Tylosin tartrate In order to postulate its binding mode
In order to postulate its binding mode in APN, Tylosin tartrate 13v was docked into the active site of APN (PDB code: 2DQM) using Sybyl_X 1.3. As illustrated in Fig. 5A, the catalytic zinc ion of APN was chelated by the hydroxamate moiety of 13v, and the S1, S1′ and S2′ pockets of APN were occupied by the leucine residue, the two phenyl groups of 13v, respectively. Moreover, the binding mode of 13a (Fig. 5B) was also postulated and compared to that of 13v (Fig. 5A). It could be found that both 13a and 13v chelated the zinc ion via the hydroxamate group and occupied the S1 pocket via the leucine residue. Note that compound 13a could only occupy the S1′ pocket with its single phenyl group, while compound 13v could occupy the S1′ and S2′ pockets simultaneously. This might rationalize the better APN inhibitory activity of 13v.

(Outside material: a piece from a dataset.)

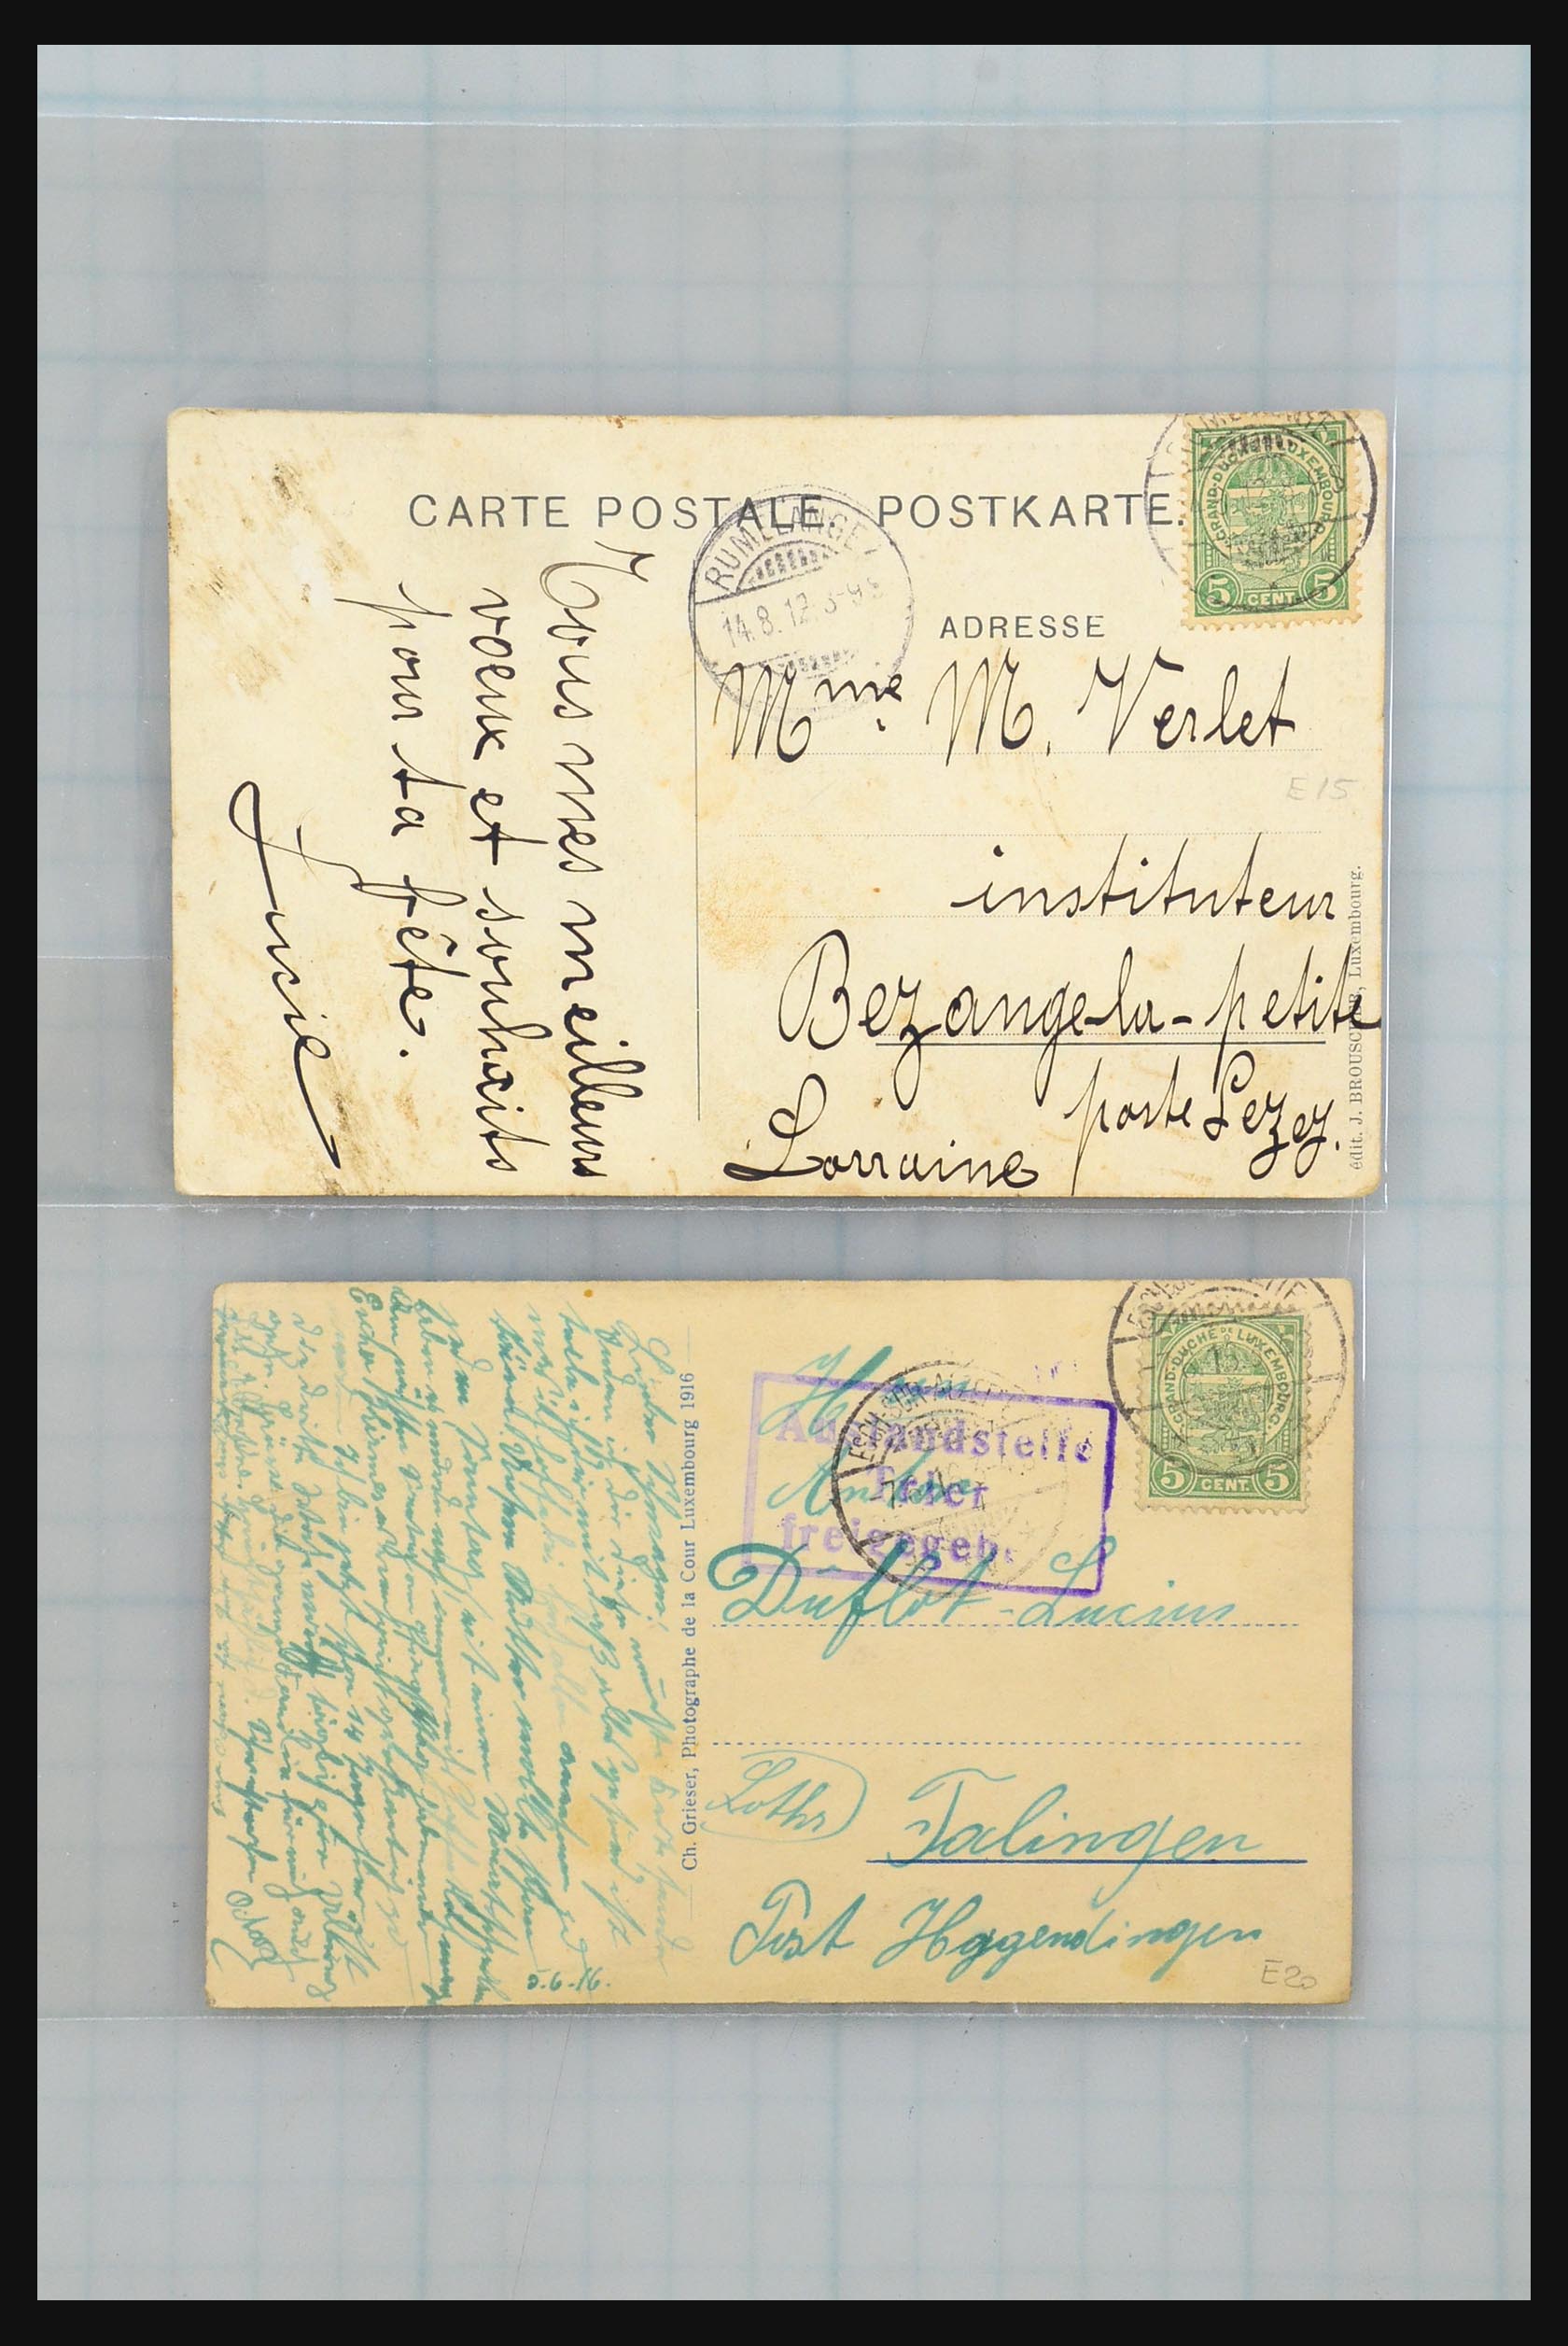 31358 011 - 31358 Portugal/Luxemburg/Greece covers 1880-1960.

Conclusion In summary, one novel series of triazole derivatives was designed, synthesized and evaluated as APNIs. In the enzymatic assay against APN, all leucine ureido-based compounds presented much better inhibitory activities than the positive control bestatin. The best compound 13v demonstrated more potent in vitro anti-angiogenesis activity than bestatin in both HUVECs tubular structure formation assay and rat aortic ring model. What's more, 13v exhibited promising anti-metastasis effects in a mouse H22 pulmonary metastasis model, which deserve further research and development as anti-metastatic lead compound.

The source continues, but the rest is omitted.